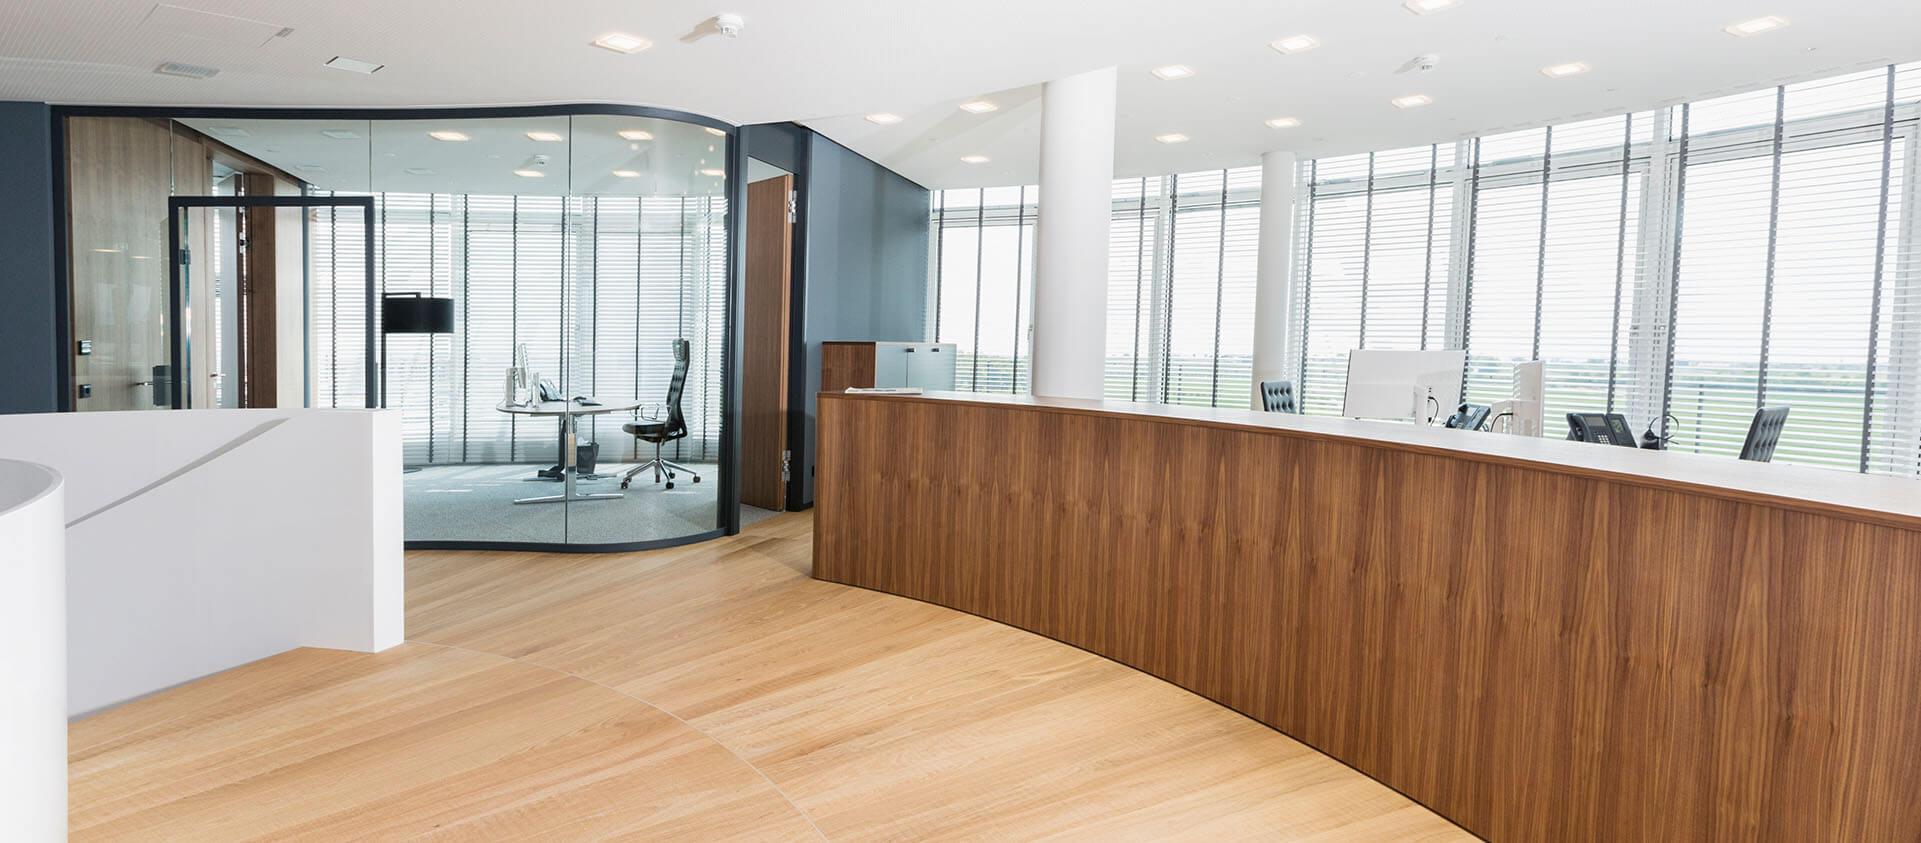 Bürogebäude geplant von Florian + Eberhard Horn, Empfang mit Blick auf Office
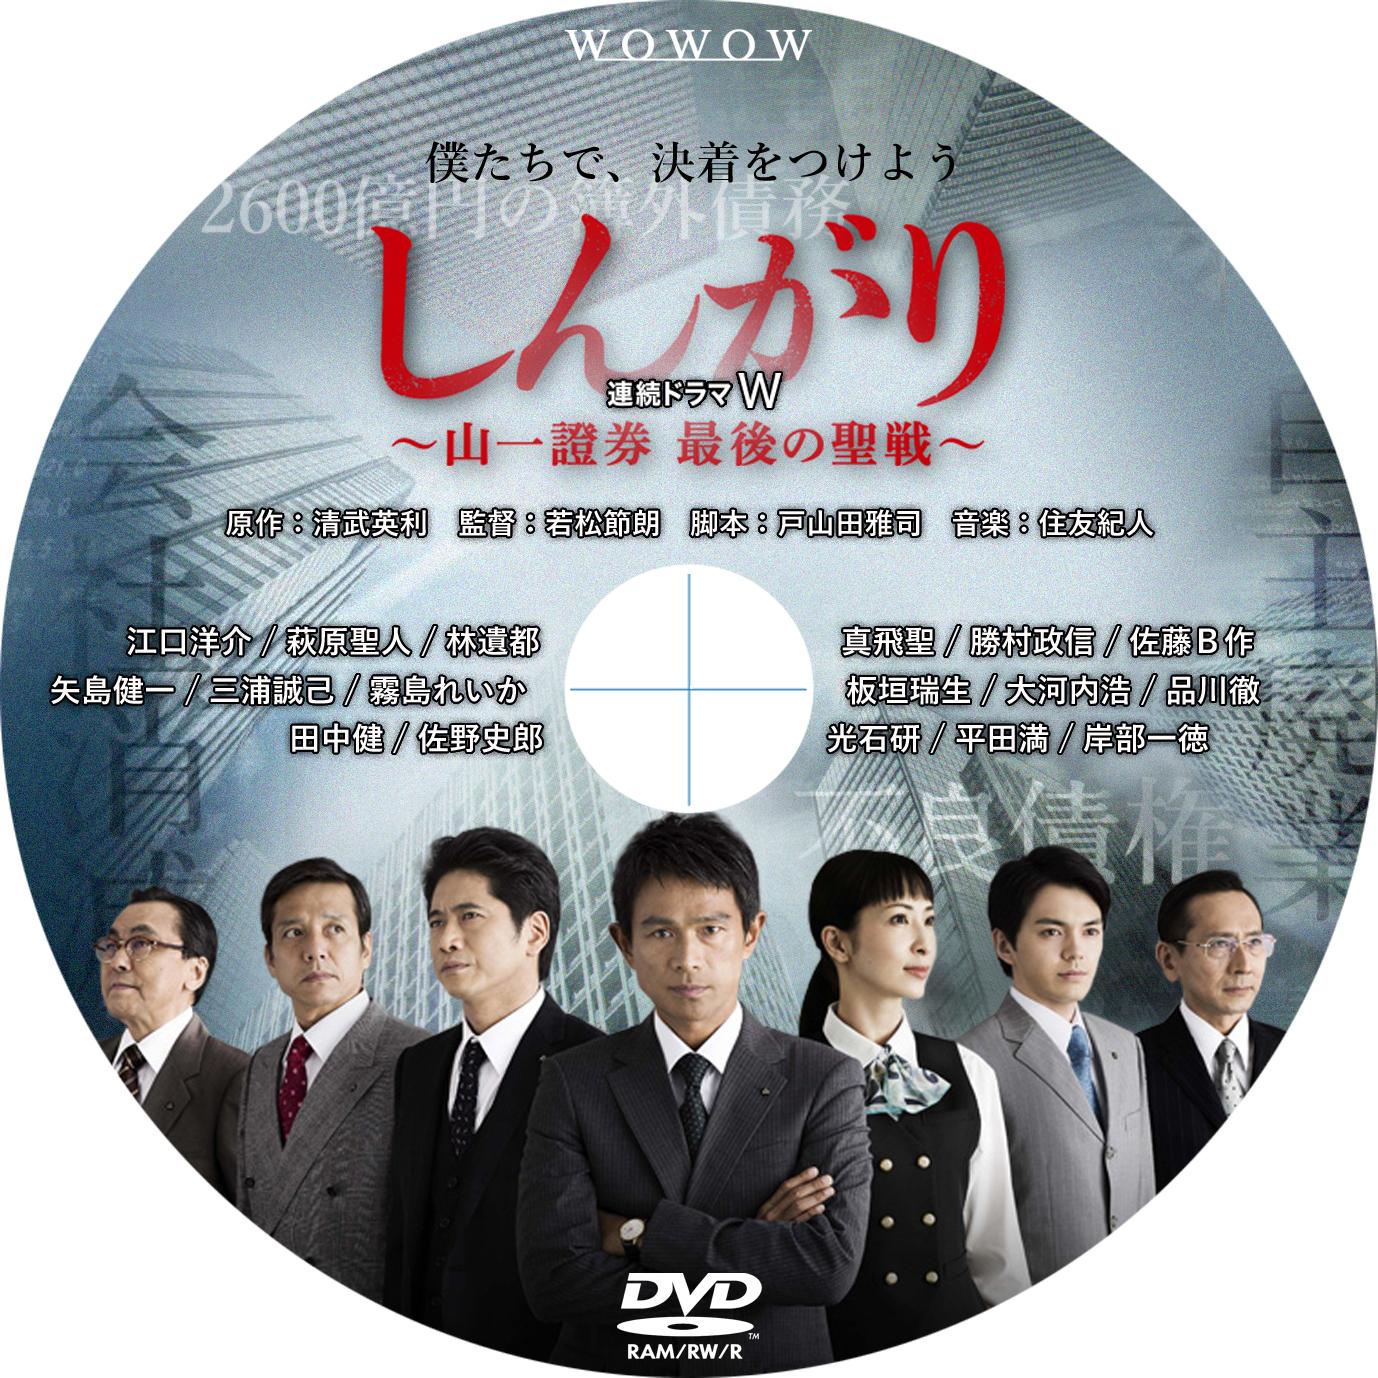 連続ドラマW しんがり : tomiio15音楽ライブDVD/Blu-rayラベル
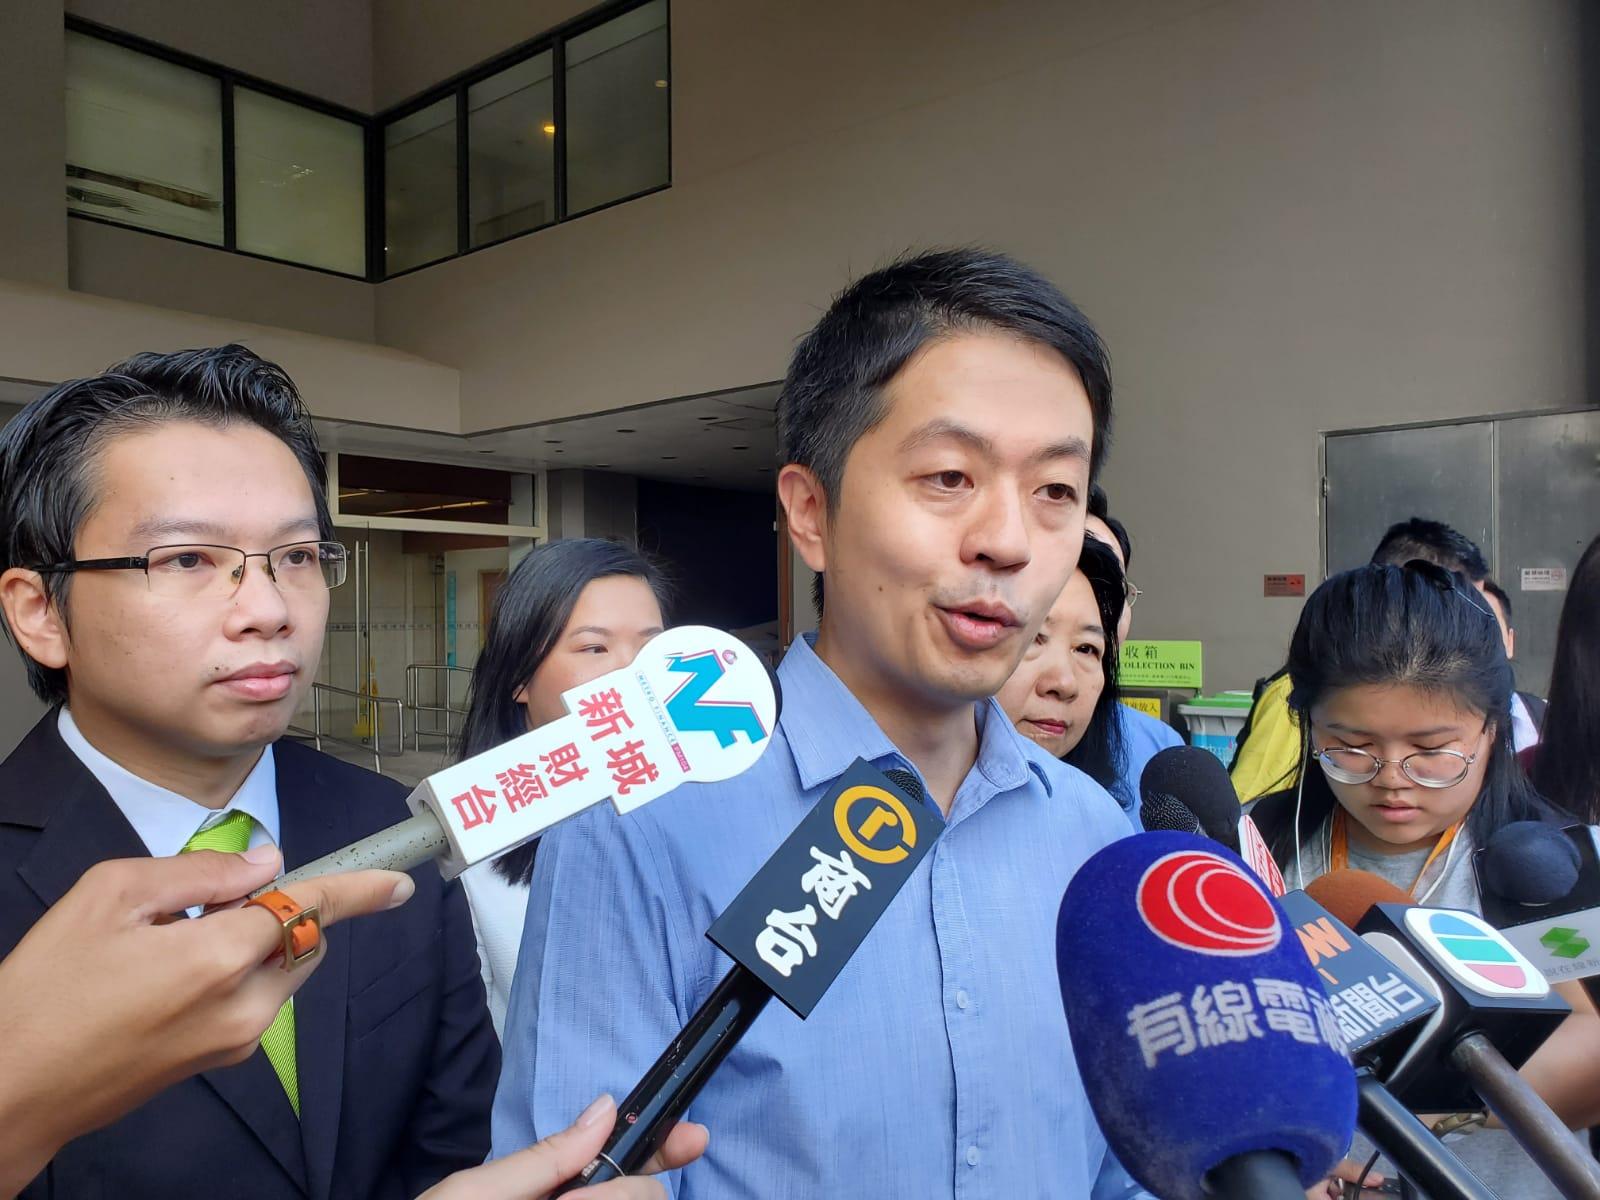 【区会选举】民主党7人参选中西区 许智峯认为有胜算
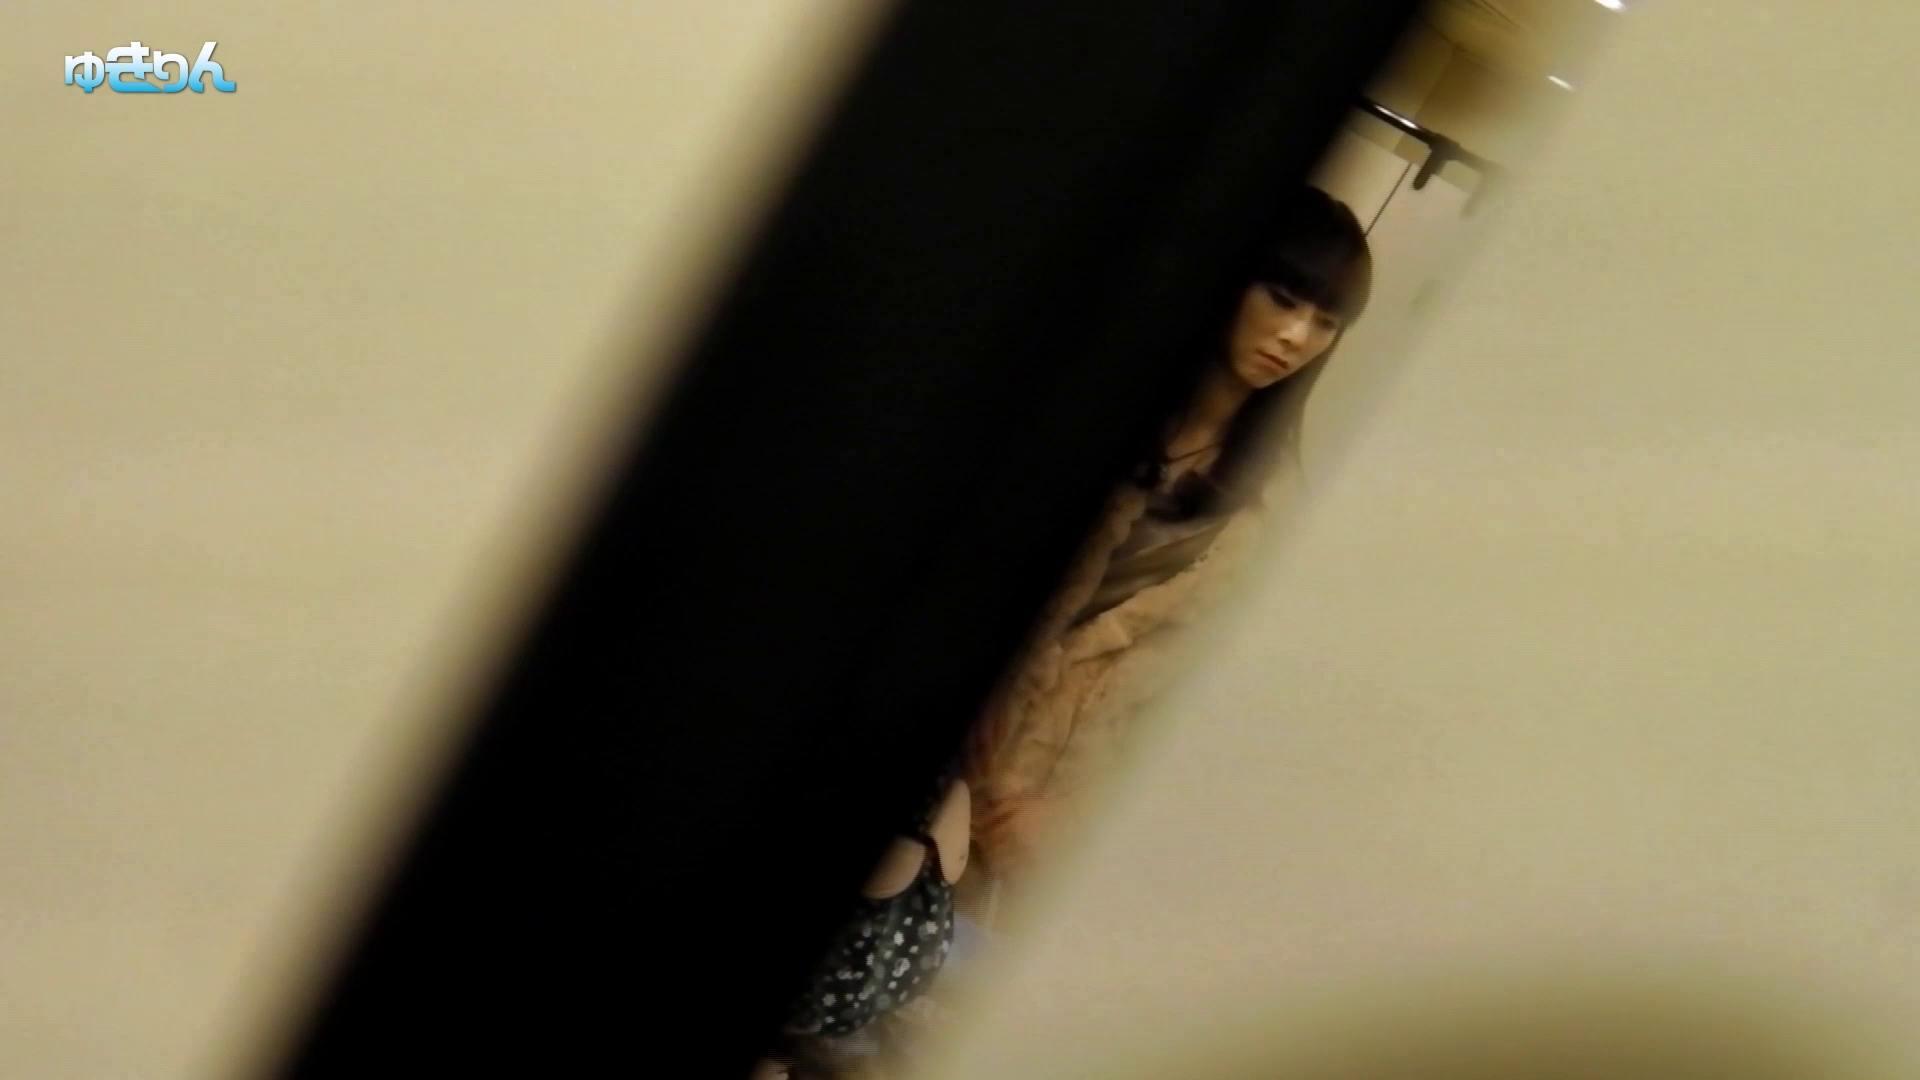 新世界の射窓 No82 新たな場所への挑戦、思わぬ、美女が隣に入ってくれた。 エッチなお姉さん AV動画キャプチャ 98画像 74
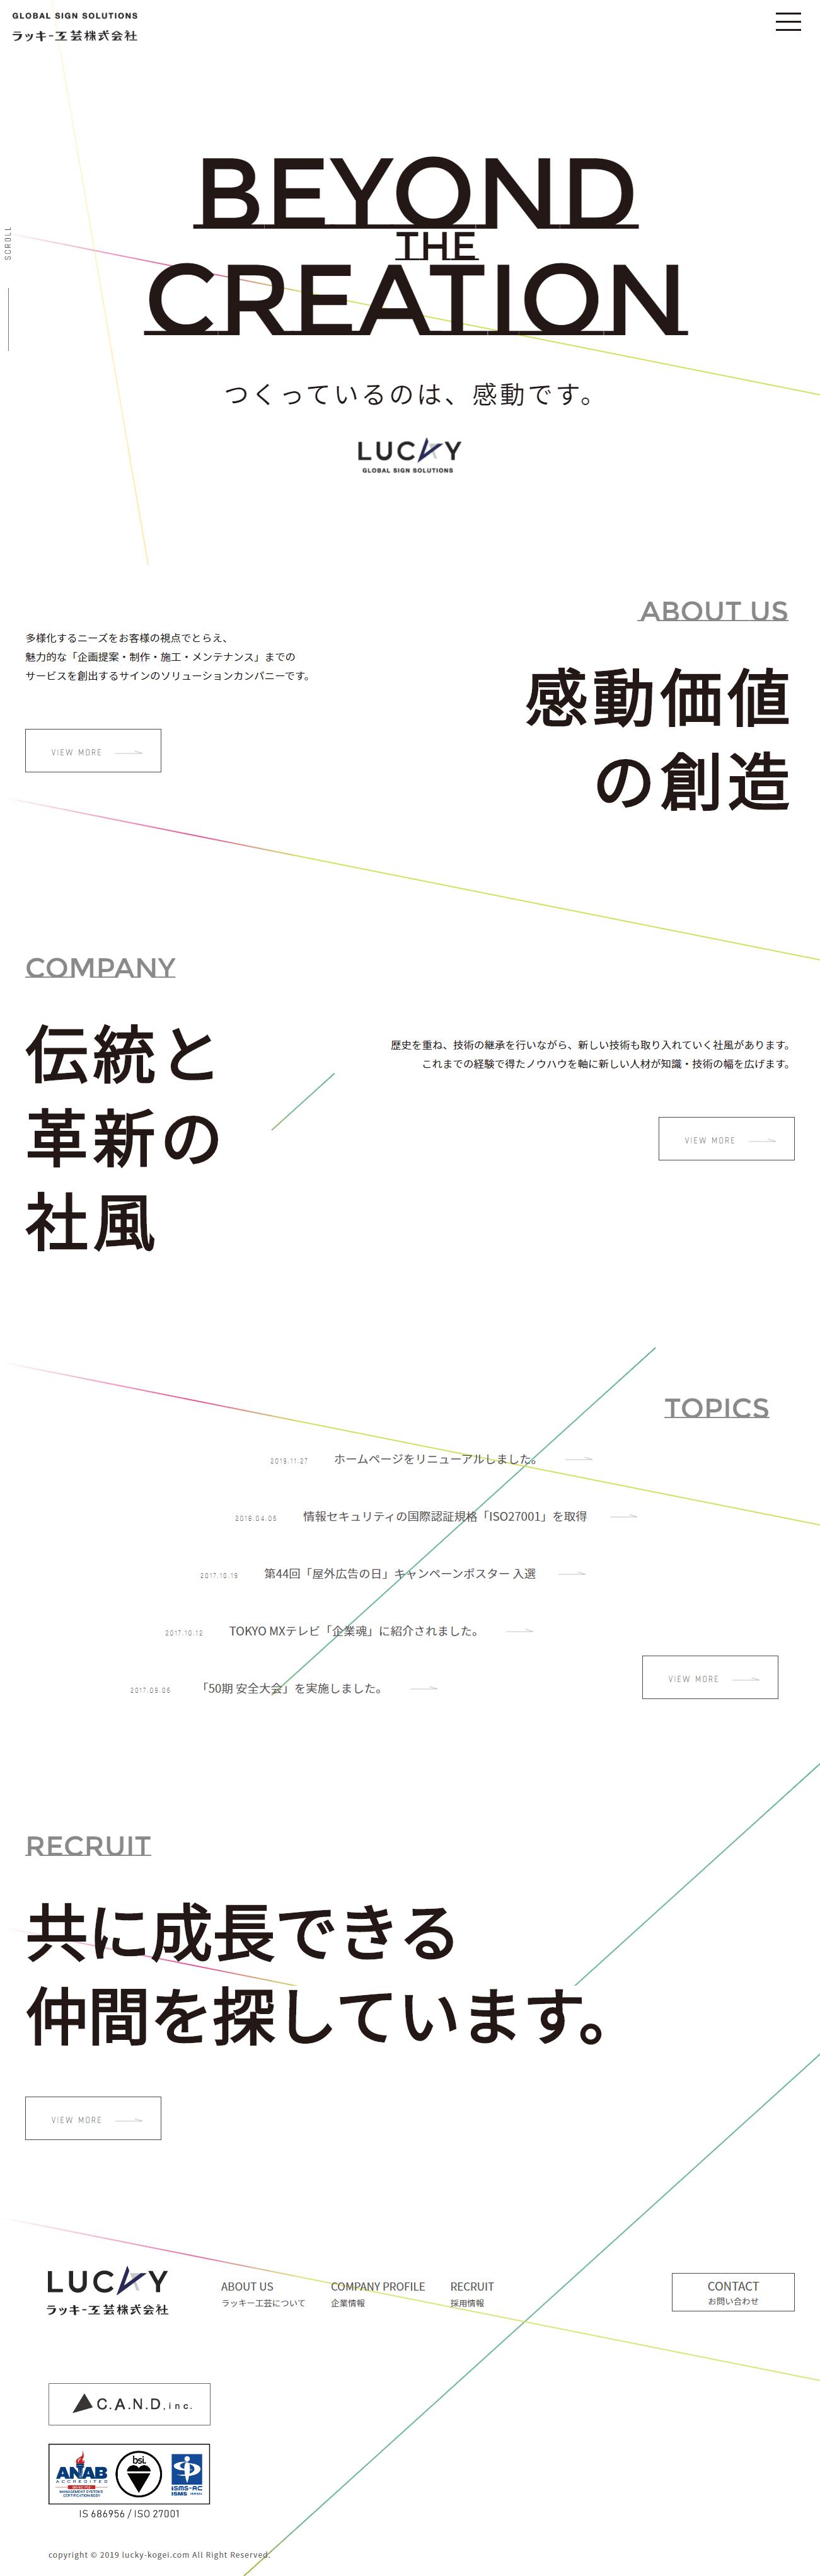 姫路市 ラッキー工芸株式会社 ホームページ制作1

== == ==

*What you have to do*. Please copy the data above exactly, omitting the pictures.

*Task response*.
 Bürogebäude geplant von Florian + Eberhard Horn, Empfang mit Blick auf Office
 連続ドラマW しんがり : tomiio15音楽ライブDVD/Blu-rayラベル
 【区会选举】民主党7人参选中西区 许智峯认为有胜算
 新世界の射窓 No82 新たな場所への挑戦、思わぬ、美女が隣に入ってくれた。 エッチなお姉さん AV動画キャプチャ 98画像 74
 姫路市 ラッキー工芸株式会社 ホームページ制作1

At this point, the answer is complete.